Here, we used the presence of integrated provirus as a molecular beacon to directly identify infected cells from treated and untreated PLWH using a single-cell assay for transposase accessible chromatin (scATACseq)²¹ and employing a human–viral alignment strategy first developed in a chimeric antigen receptor (CAR) T cell model²². scATACseq provides unbiased, single-cell epigenetic profiles and can therefore assign cellular identity to cells with and without detectable provirus. We further combined scATACseq with cell surface protein identity using the recently described ATAC with select antigen profiling by sequencing (ASAPseq)^23,24 to discover cell surface protein signatures that may identify or enrich infected cells. Our findings provide the first direct and unbiased identification of experimentally and in vivo infected memory CD4⁺ T cells at single-cell resolution with cellular identity. Our findings also highlight the heterogeneity of HIV⁺ cells and the variation of surface and epigenetic markers between and across infection contexts. Together, our extensive characterization of HIV infection using ASAPseq results in a multimodal single-cell dataset of cell surface protein composition, epigenetic landscape and potential regulatory mechanisms to accelerate our understanding of the HIV reservoir for targeted therapy.

Results

ASAPseq identification of HIV-infected cells in vitro

To establish the potential for ASAPseq to detect in vitro HIV-infected cells (Table 1), CD4⁺ T cells from an HIV-uninfected individual were activated with anti-CD3, anti-CD28/CD49d and interleukin (IL)-2 for 2 days, infected with HIV-1 (molecular clone, SUMA), and rested subsequently for 4 days.
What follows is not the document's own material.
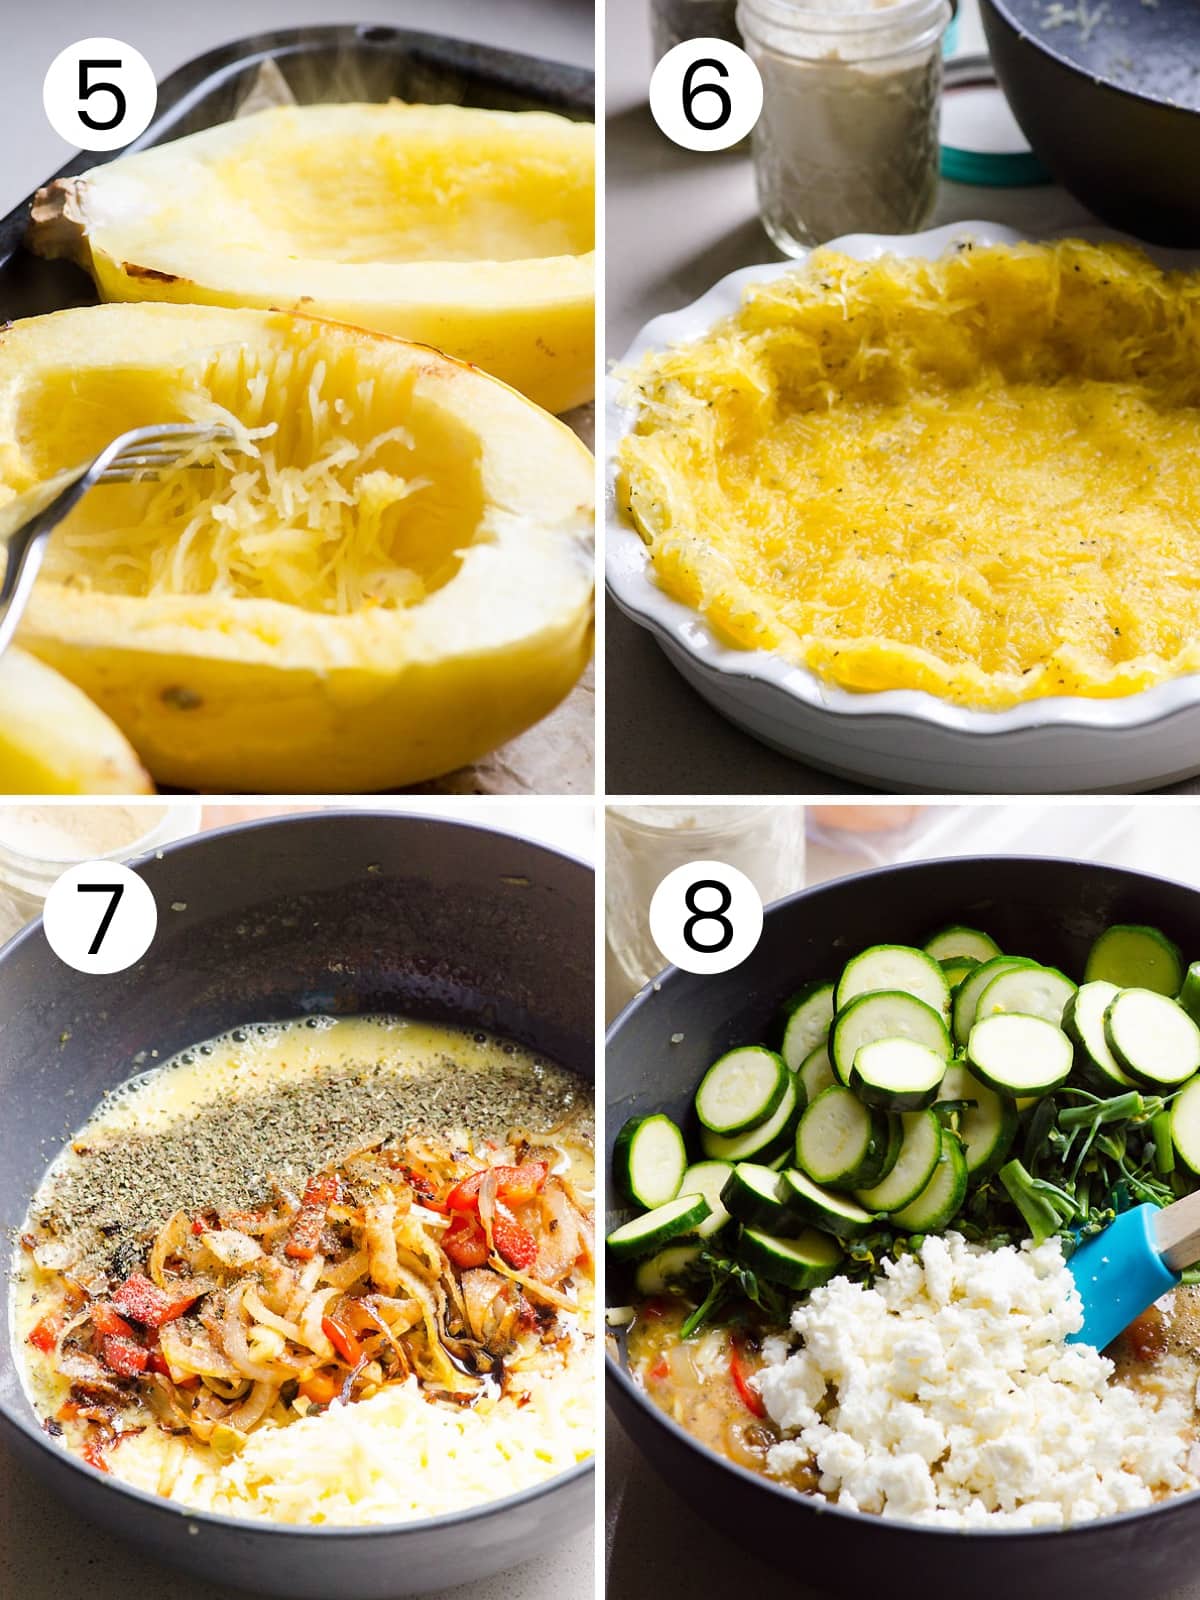 Step by step process how to make crust with spaghetti squash noodles and quiche filling.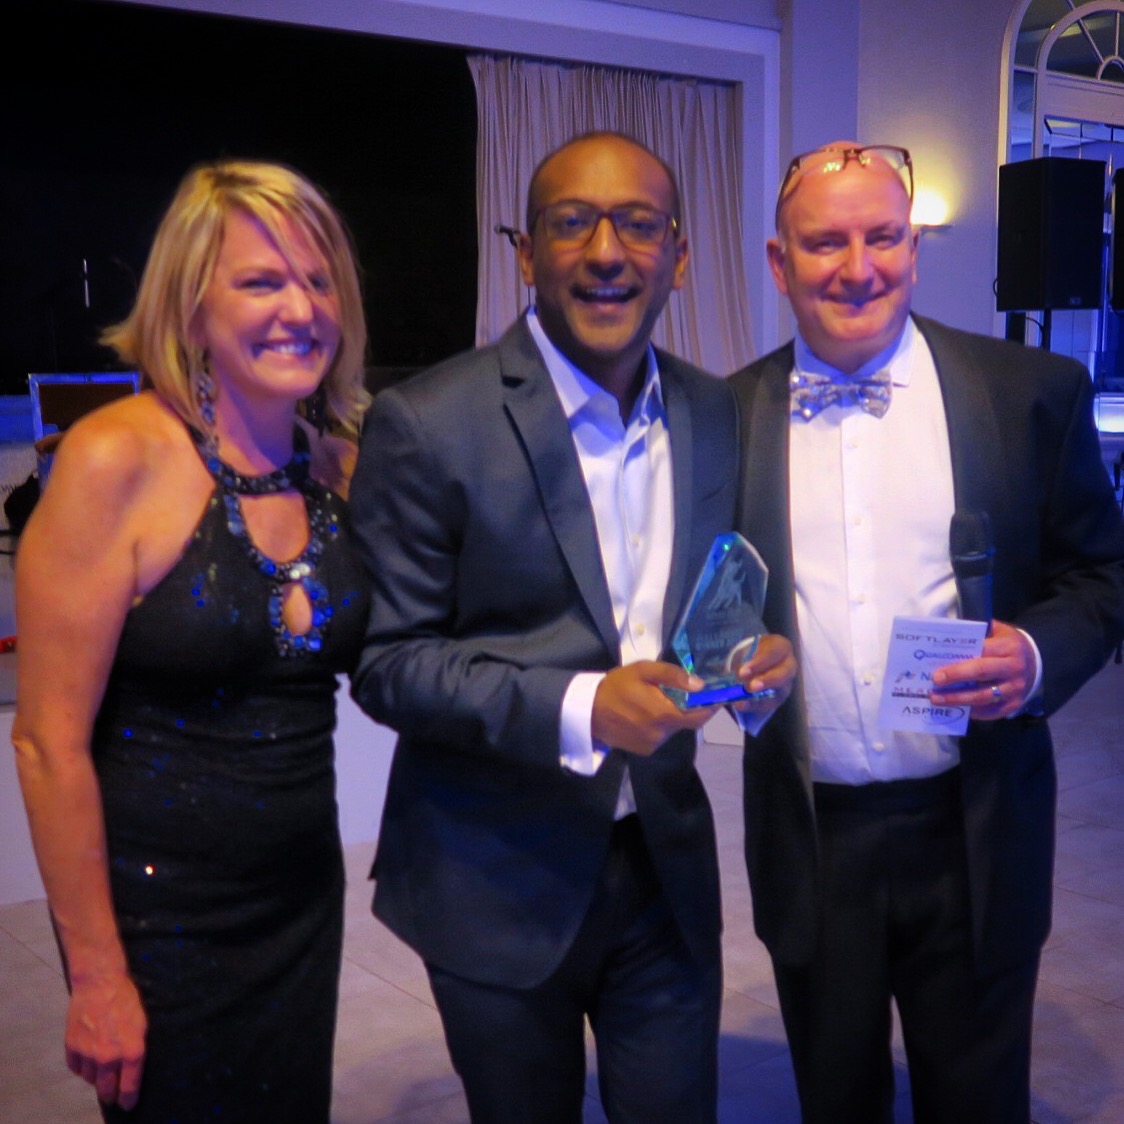 Skillbridge CTO & Co-Founder, Saalim Chowdhury with the Bully Award and White Bull Summit Chairs Elizabeth Perry and Farley Duvall

We next performed ASAPseq, obtaining 7,095 cells that passed both ATAC and antibody-derived tag (ADT) component quality checks (Supplementary Table 1 and Extended Data Fig. 1a). Following sequencing alignment to both human and viral genomes, 1,323 cells (18.6%) contained an integrated HIV genome (HIV⁺; Fig. 1a,b). A smaller proportion of the infected cells expressed p24 protein (5.1%; Extended Data Fig. 1b), consistent with known discrepancies between HIV integration and p24 production²⁵. To confirm provirus detection specificity, we aligned an unrelated ASAPseq dataset of uninfected peripheral blood (PB) mononuclear cells (PBMCs)²³ using chimeric human–virus genomes (human (hg38) + SUMA HIV and hg38 + HXB2 HIV). No cells contained reads aligning to either HIV genome (Extended Data Fig. 1c). Within the HIV⁺ CD4⁺ T cells, proviral reads spanned the viral genome but were most prevalent in long terminal repeats (LTRs) as well as in gag and env (Extended Data Fig. 1d). Fewer reads spanned pol, consistent with previous findings²⁶. A total of 28% of HIV fragments were in LTR regions, 0.01% spanned both LTR and internal (that is, not LTR) and the remaining fragments (71%) were internal.

Table 1 Donor information

Full size table

We next examined the phenotypic identity of HIV⁺ versus HIV^– cells. We clustered the cells using the epigenetic data and annotated based on imputed gene scores from chromatin accessibility and the ADT component (Fig. 1a, Extended Data Fig. 1e, Extended Data Fig. 2 and Supplementary Table 2). Based on the previous CD4⁺ T cell enrichment, most clusters were composed of CD4⁺ T cells, with some B and antigen presenting (APC) cells. Most HIV⁺ cells (78.6% of HIV⁺ cells; Fig. 1b–d) were found within activated and/or effector memory CD4⁺ T cell clusters. We observed some HIV⁺ cells in other CD4⁺ T cell phenotypes (18.3%) and a small proportion in monocytes (1.8%). The presence of virus within monocytes could be genuine given the ability for in vitro infection of monocytic cells²⁷, or result from the phagocytic and antigen presentation capabilities of B and monocytic cells. These detections could also be multiplets or have insufficient data for correct calling. Regardless of origin, we excluded these cells from downstream analyses and focused on cells bearing definitive T cell surface and epigenetic signatures. These findings reflect the known phenomenon of preferential in vitro HIV infection of activated CD4⁺ T cells and demonstrate that this feature can be resolved on a single-cell level by ASAPseq.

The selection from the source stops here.